The field is located 20 km offshore Sarawak in water depths of 100 ft. The field, which was discovered in May 1968, fell under the BDO PSC, which was to expire on 31stMarch 2018. A new EOR PSC was signed on 16thJanuary 2012, which extends the expiry date to 2040.
The field structure consists of a 30,000 by 9,000 ft elongated anticline running NE-SW and comprises a series of stacked reservoirs at a depth of 4000 to 9500 ft. The field is considered structurally simple, with a normal growth fault affecting only the deep reservoirs and no other faults visible on 2D seismic or in the wells.
The field reservoirs were deposited some 20-23 million years ago during Cycle V of the late Miocene in a lower coastal plain to coastal environment.
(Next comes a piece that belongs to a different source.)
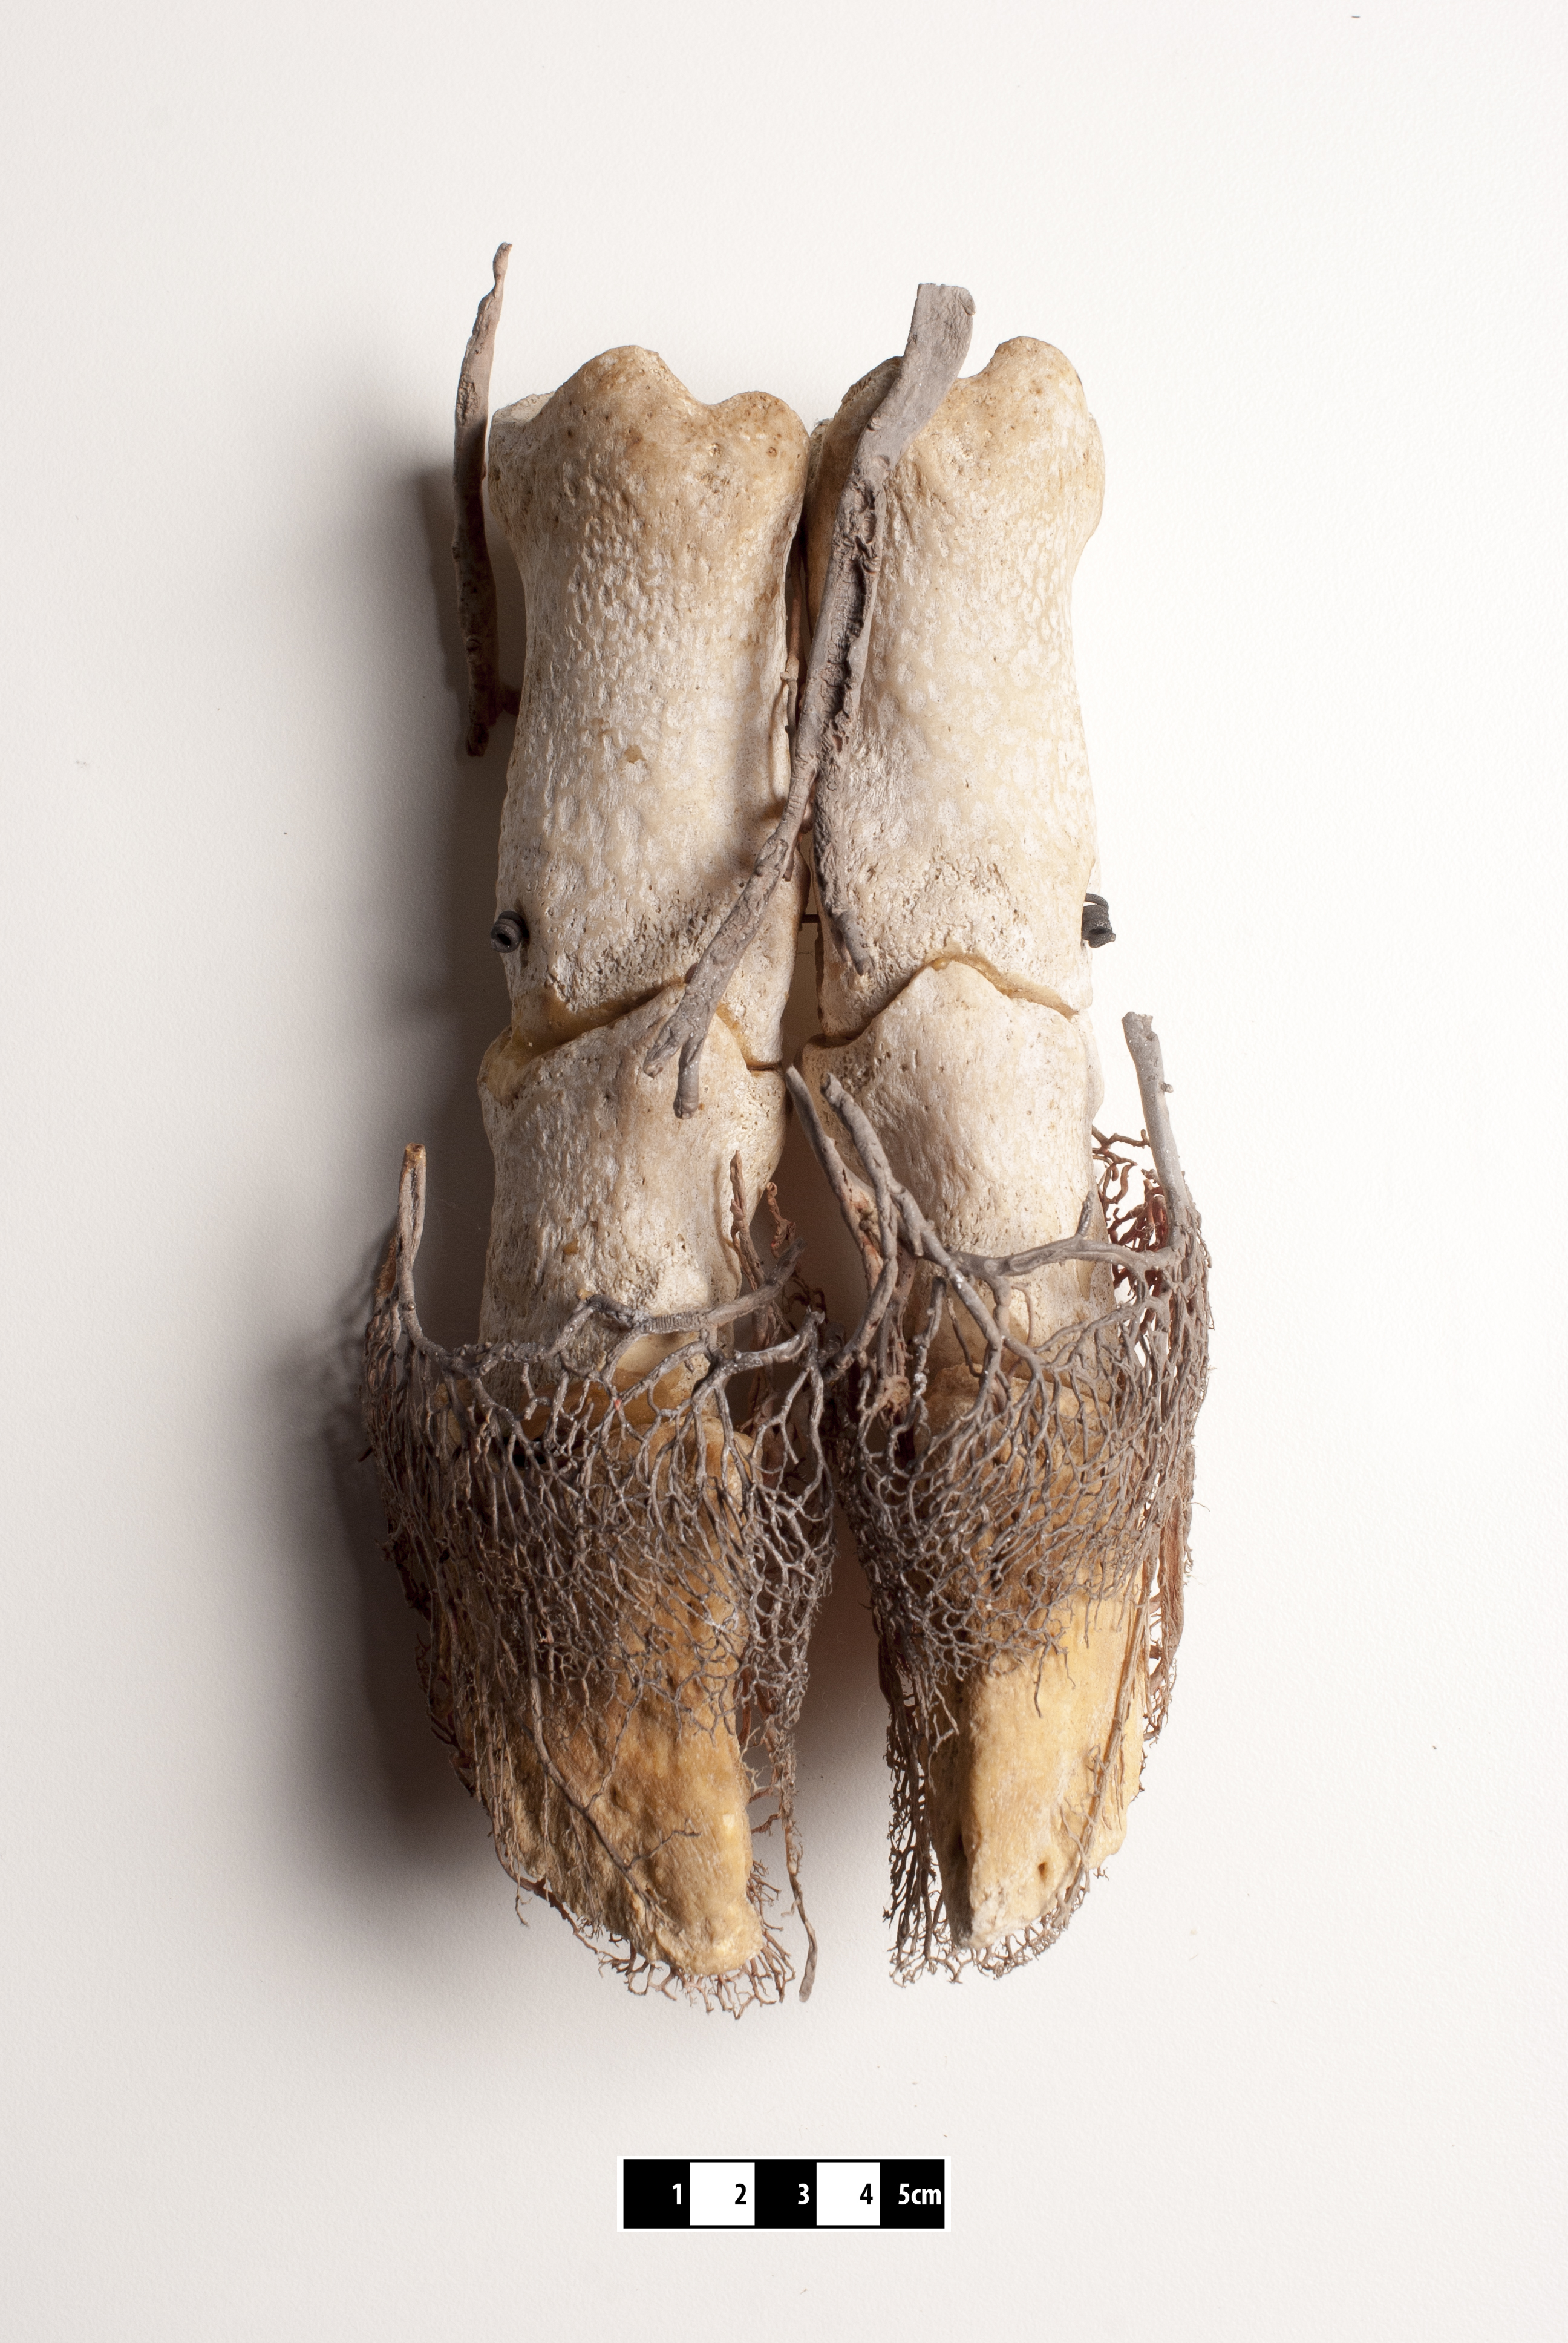 File:Domestic pig anatomy.jpg - Wikimedia Commons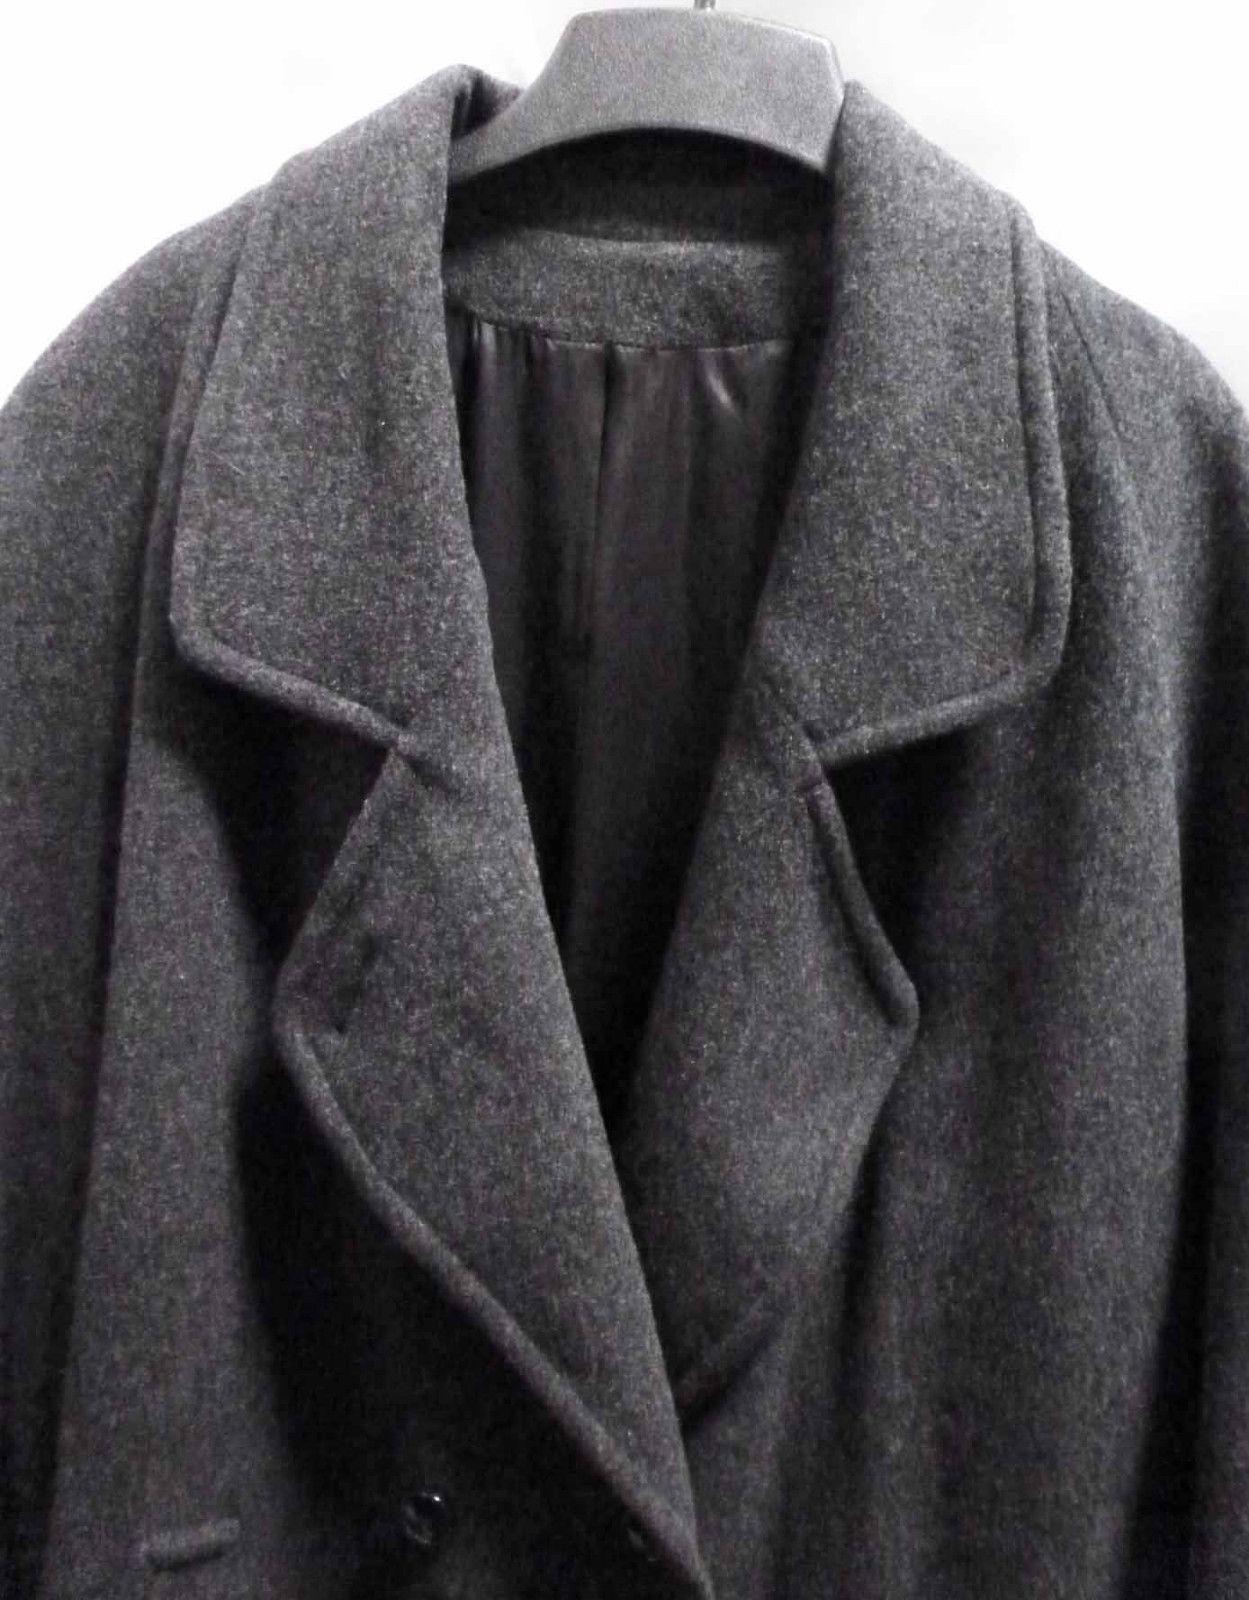 Vintage Gray Wool Top Coat Warm Heavyweight Overc… - image 4

The depositional environment of this field is dominated by a sequence of shore-face deposits, which formed 6-11 million years ago during Cycle V of the late Miocene.
Sands are loosely consolidated, fine to very fine grained and interbedded with layers of silts and clays. Porosity ranges from 14 to 26 % with a field-wide mean of 20%. The permeabilities are in the order of 50 to 3000mD. Net sand thicknesses are less than 30 ft, with most individual sands around 10 ft. The reservoirs are subdivided into three categories (Figure 1):
Shallow Reservoirs at depths of 4000 to 5300 ft, which are characterized by large gas caps and mostly thin oil rims, and are currently considered unfaulted.